United States District Court, D. Delaware
before the Court are Defendant's Motions to Strike the
Untimely Declarations from Dr. Almeroth and Dr. Cooklev (D.I.
1032, 1035) and Plaintiffs Motion for Leave to File a Fourth
Amended Complaint (D.I. 1079). I have reviewed the
parties' briefing associated with the motions. (D.I.
1033, 1036, 1062, 1065, 1079, 1087, 1089). At the pre-trial
conference, Defendant agreed that Plaintiffs motion could be
decided based upon the briefing in the motions in
limine, the disclosures in the pre-trial order, and the
arguments made at the pretrial conference.

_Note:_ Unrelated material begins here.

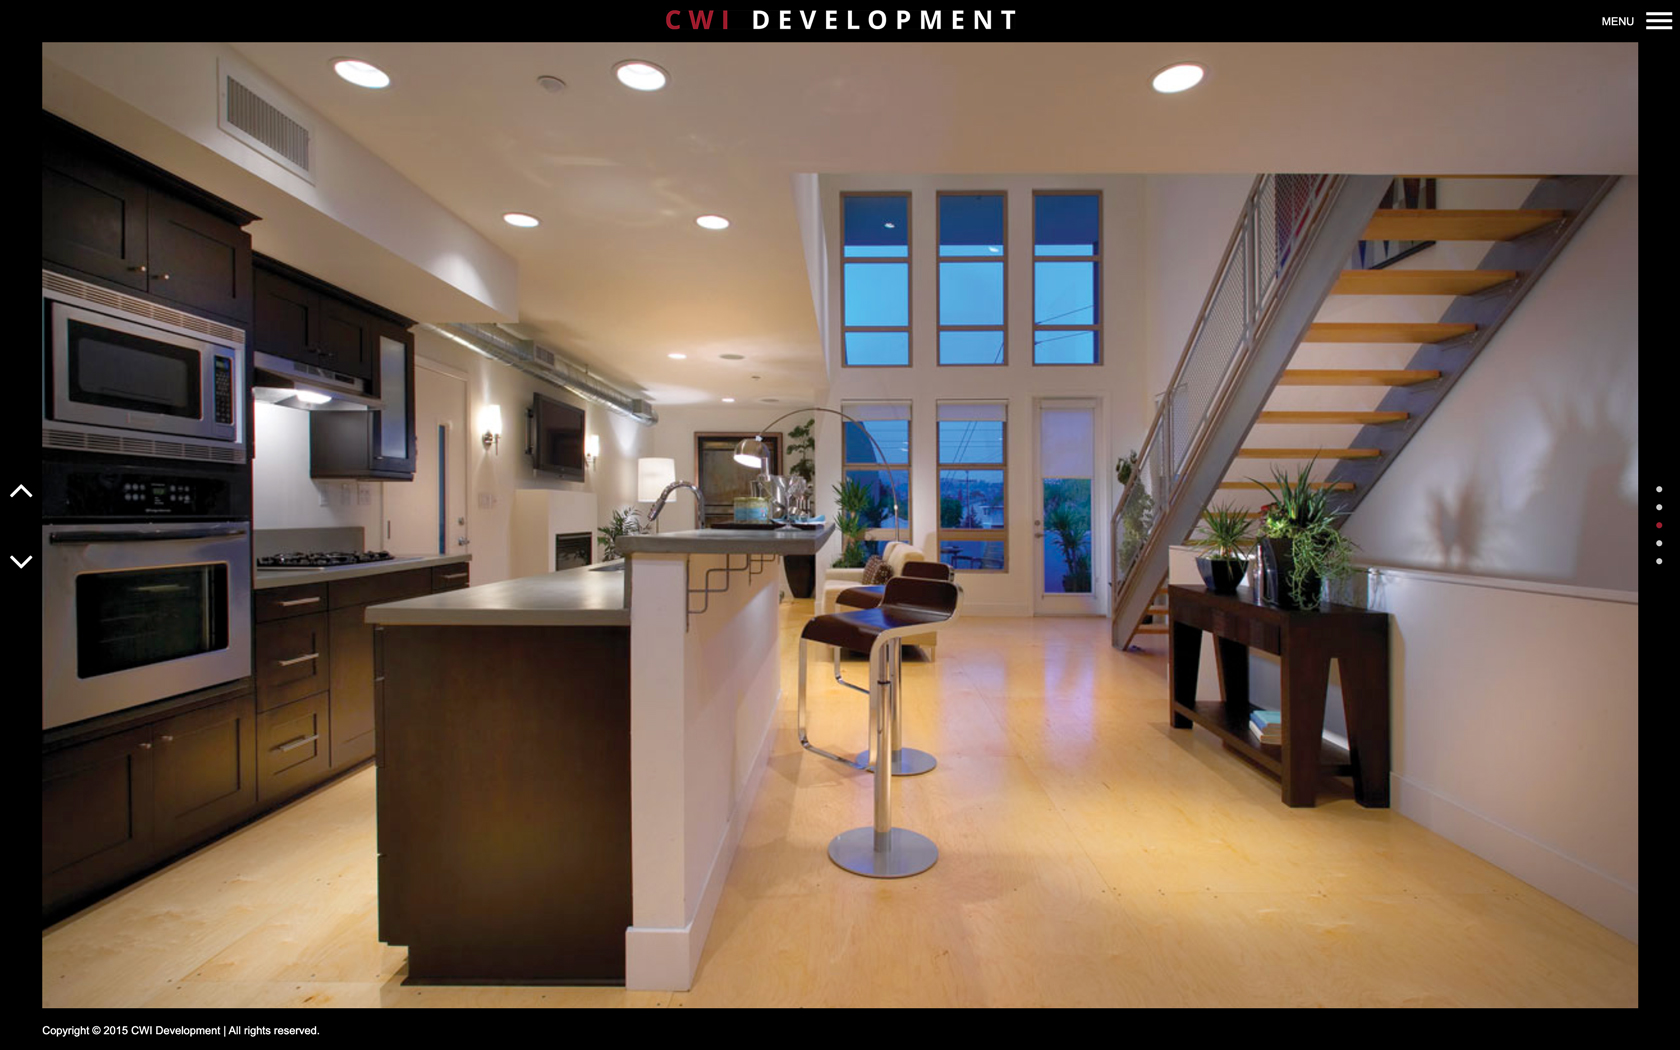 CWI Development

TQ Delta filed this lawsuit against Defendant 2Wire on
November 4, 2013 asserting infringement of twenty-four
patents. (D.I. 1). I have divided the case into separate
trials based on families of patents. (D.I. 280). The motions
at issue herein address untimely disclosure of expert opinion
relating to the Family 2 and 3 patents. Fact discovery for
all the asserted patent families closed on October 1, 2018.

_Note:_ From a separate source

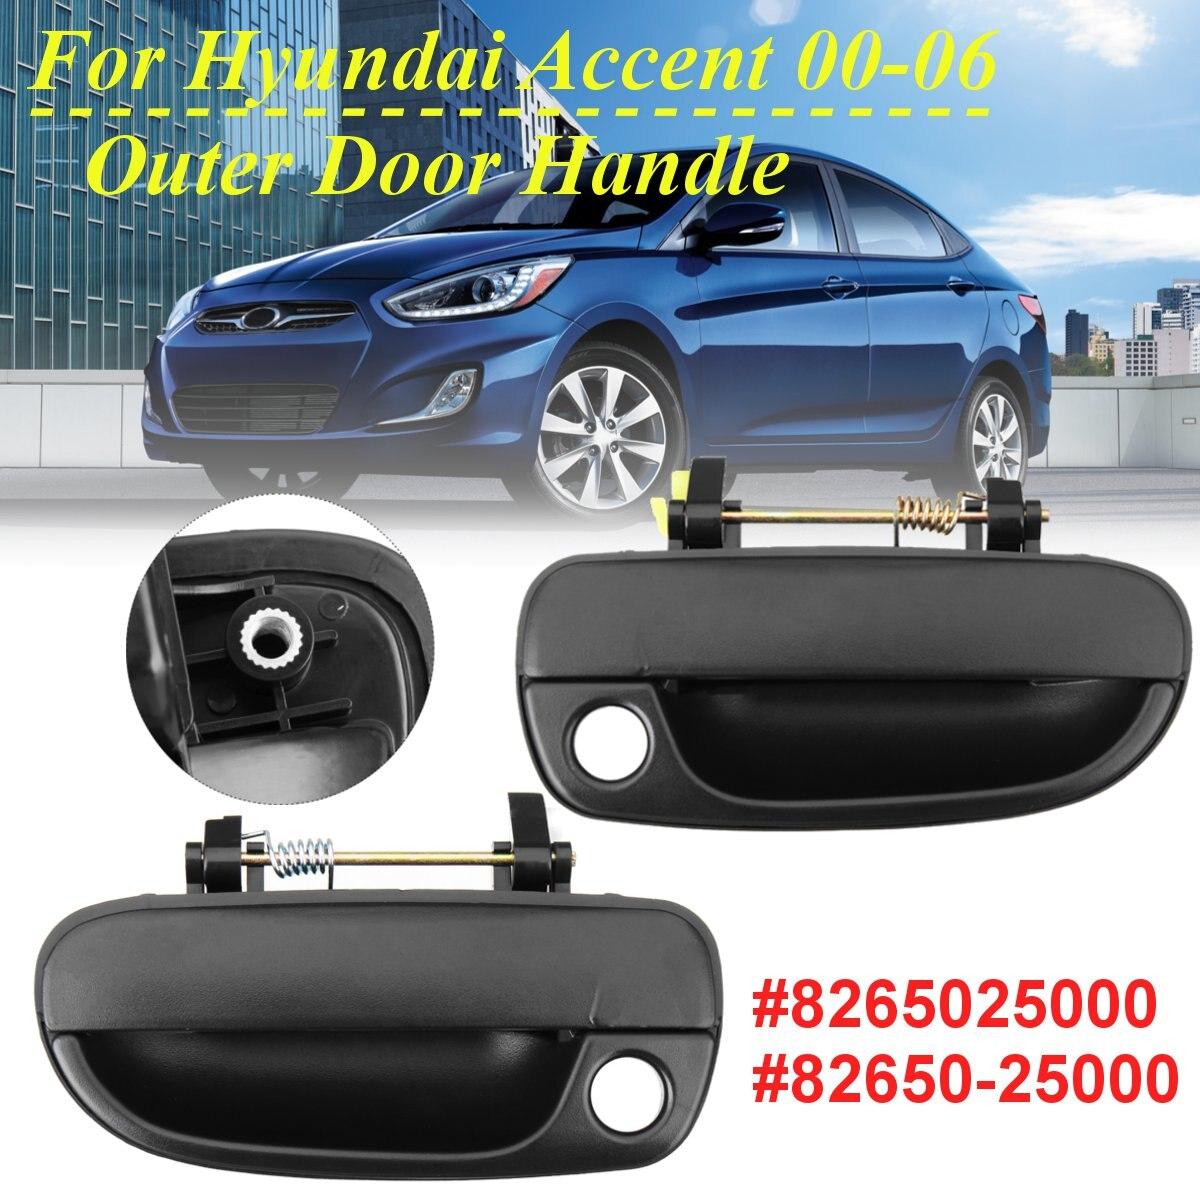 Car Left Front Black Outside Door Handle 82650-1e050 for Hyundai Accent 2006-11

Expert reports were sequenced as follows: Family 2 opening
reports were due on November 2, 2018; Family 2 rebuttal
reports were due on November 29, 2018; Family 2 reply reports
were due on December 21, 2018; Family 3 opening reports were
due on November 28, 2018; Family 3 rebuttal reports were due
on December 28, 2018; and Family 3 reply reports were due on
January 18, 2019. Expert discovery for both Family 2 and
Family 3 closed on February 8, 2019. The pretrial conference
for Family 2 took place on April 18, 2019 and trial is
scheduled for April 29, 2019. (D.I. 513). The pretrial
conference for Family 3 is scheduled for May 10, 2019 and
trial is scheduled for May 20, 2019.
motions to strike discussed herein concern two purportedly
untimely declarations from Plaintiffs expert Dr. Almeroth
(D.I. 971, 974) and the reply declaration of Dr. Cooklev in
support of Plaintiff s Family 2 Motion for Summary Judgment
of Infringement (D.I. 927). Dr. Almeroth's declarations
were filed on March 15, 2019. Dr. Cooklev's declaration
was filed concurrently with Family 2 reply briefing on March
12, 2019. Defendant has filed motions to strike all three
declarations, which it argues are untimely supplemental
reports by Plaintiffs experts. The parties now agree that
Defendant's motions are moot in regard to Dr.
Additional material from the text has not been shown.